Monday, October 27, 2014

Chocolate Pumpkin Truffles

Life is like a box of chocolates. True statement. Around the holidays, we would inevitably receive at least one box of chocolates from friends, family or business acquaintances of my parents. Part of the fun is not knowing which flavor you'll get but when your dessert is limited, you don't want to waste your chance for something good! I learned to scout out the chocolate covered marshmallows quite promptly as they were my favorite. My tastes have certainly expanded but when we move into truffles, it's harder to know what the flavors are.

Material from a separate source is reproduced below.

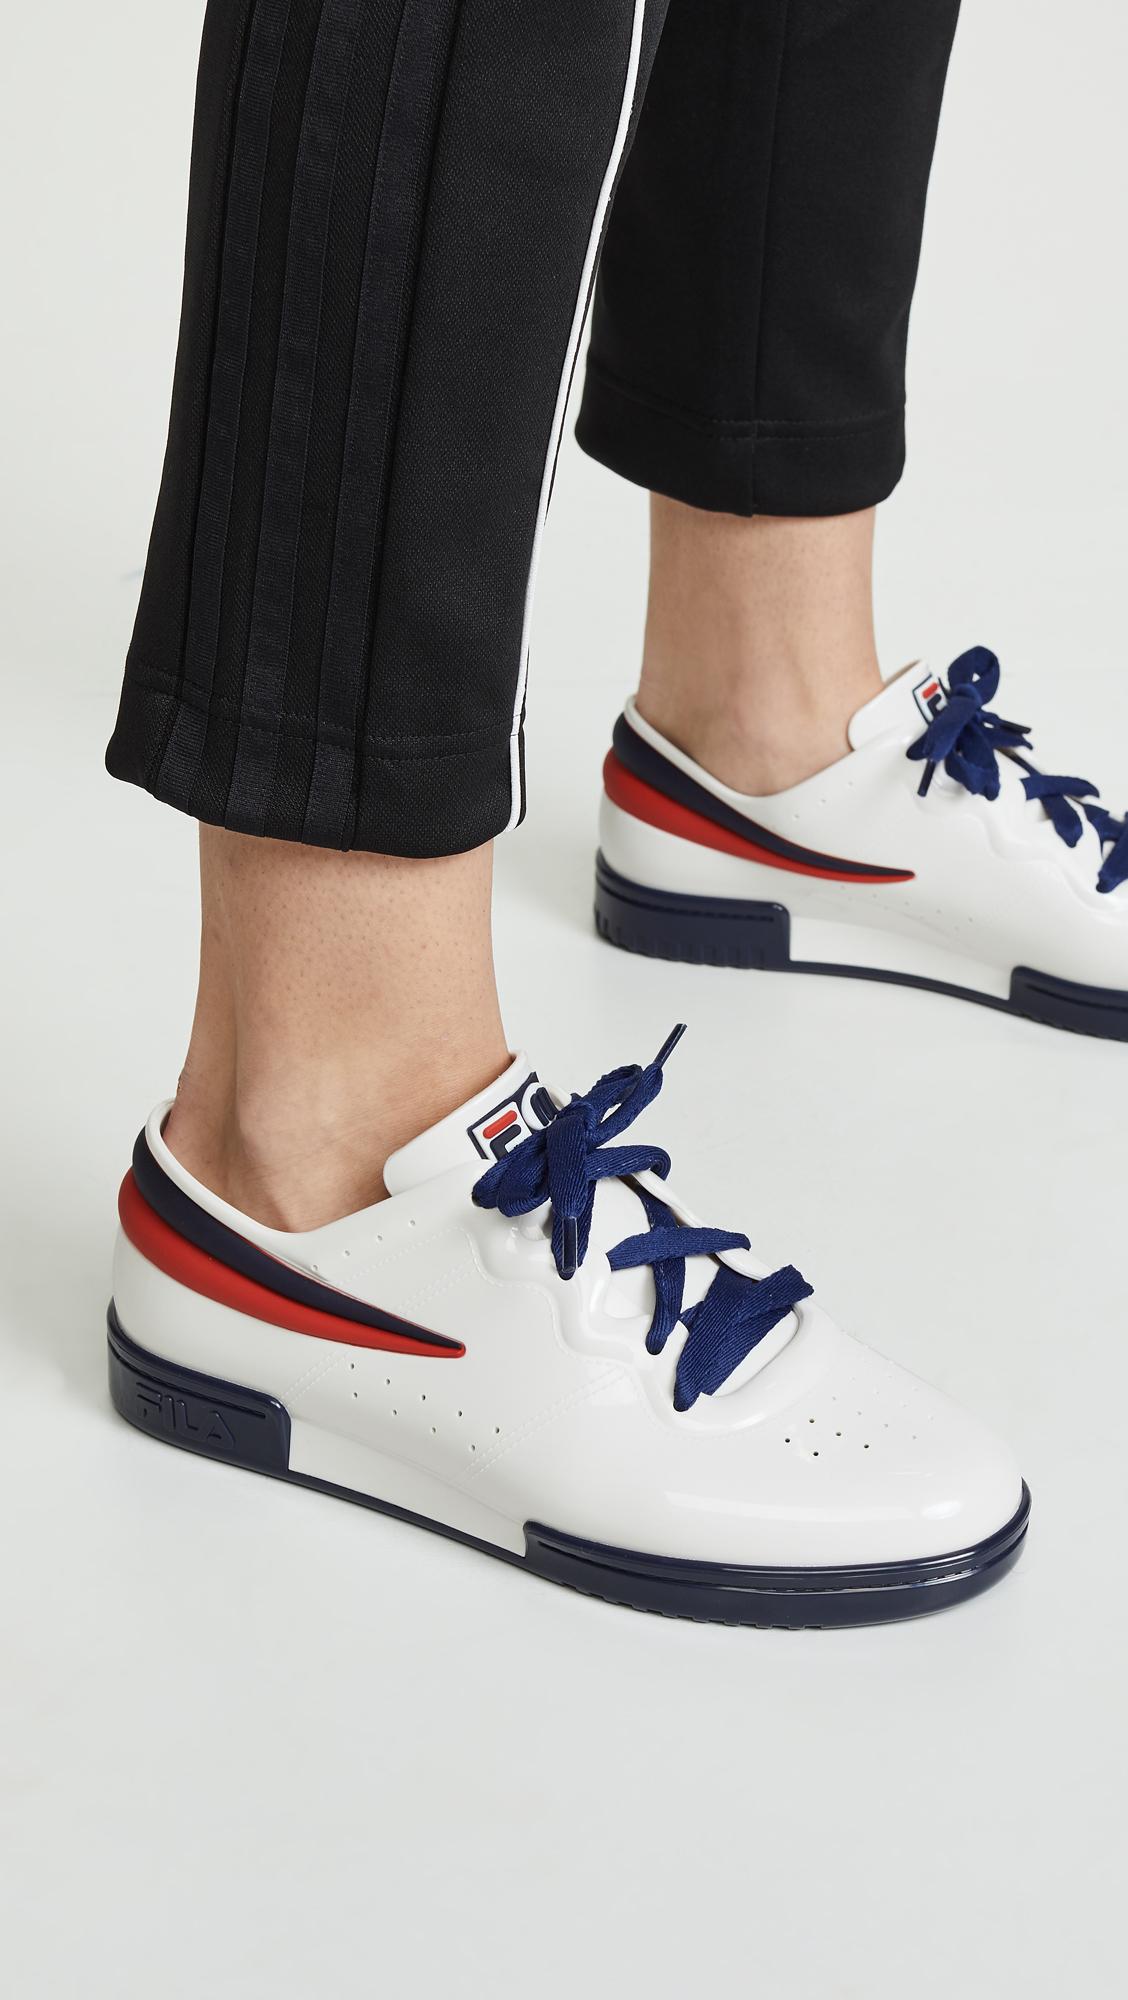 Melissa X Fila Sneakers in White/Blue/Red (Blue) | Lyst
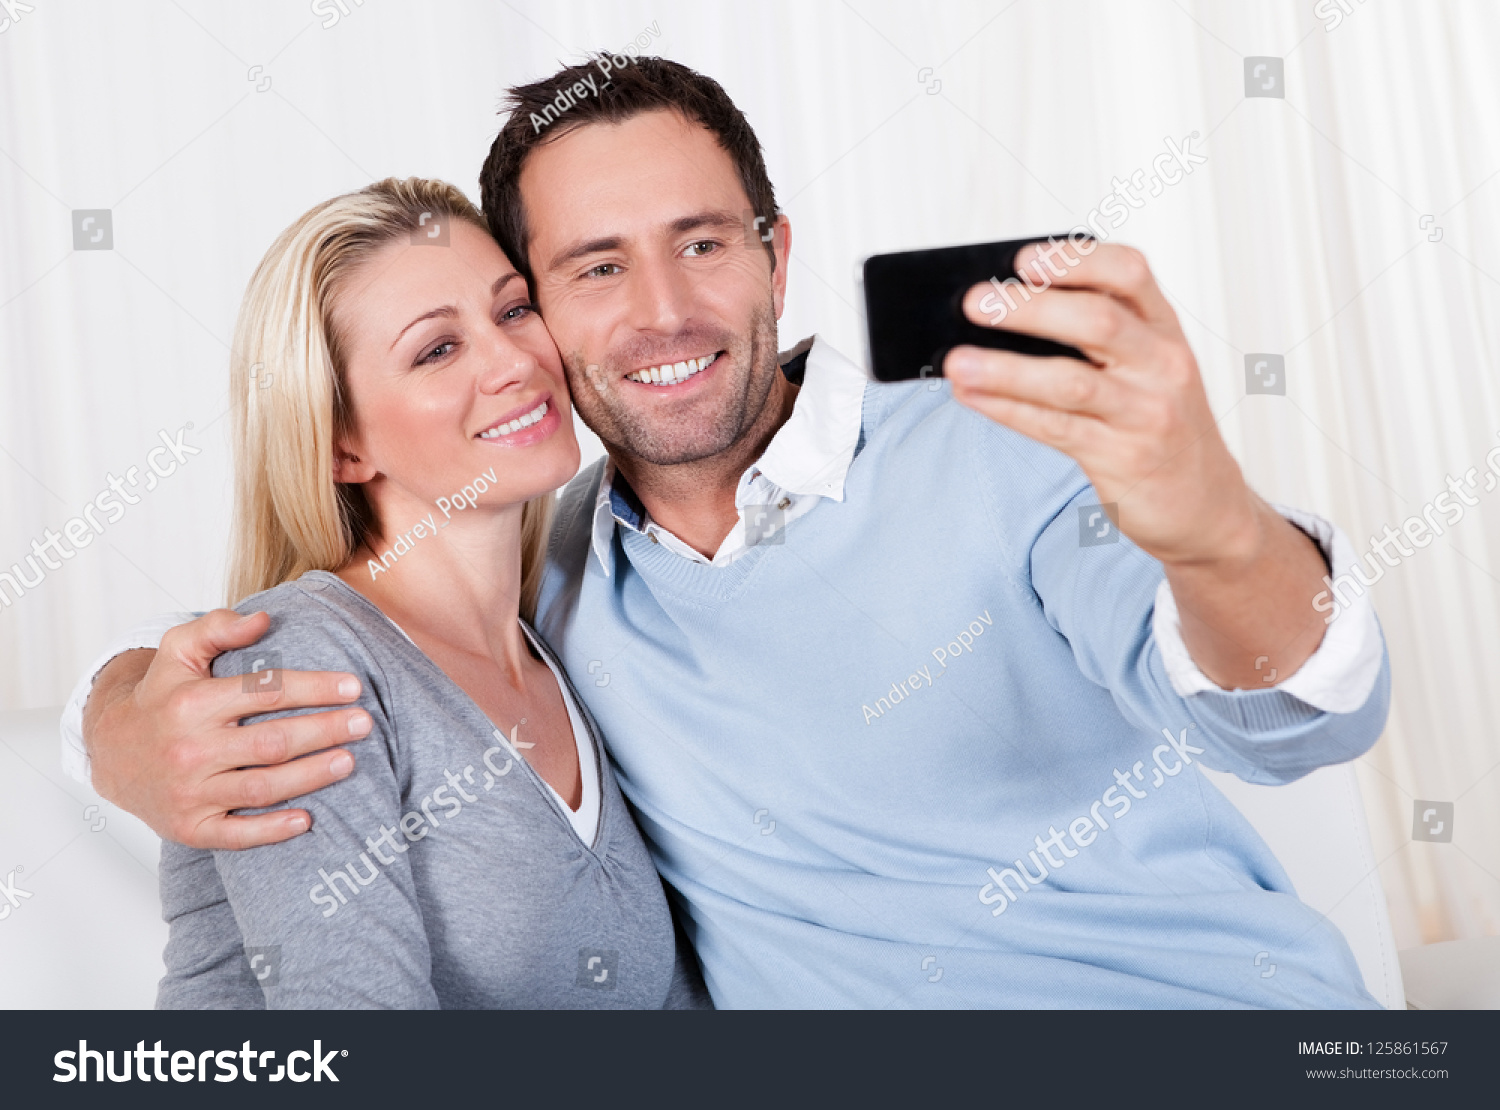 Beautiful smiling young couple photographing themselves on a mobile or smartphone posing close together with his arm around her #125861567

A few weeks ago, I attended a pairing of wine and chocolate at a local truffle shop, Chocolate Therapy. I love the name of this place as it's a term near and dear to my heart and they really do make some very therapeutic chocolates. Truffles can come in many forms and in this case, they come in beautifully decorated and delicate chocolates filled with a variety of flavors. They have found some very unique pairings for chocolate such as basil, lavender and balsamic. I highly recommend seeking them out for hostess gifts, holiday presents or just straight up Monday treats.

Outside of the professional realm, chocolate truffles are doughy balls of chocolate that are typically covered in more chocolate. I have a friend who is a master of mint chocolate Oreo truffles and I tried my hand at snitch truffles a couple years ago (whaaaat, I've been blogging for plural years?!?).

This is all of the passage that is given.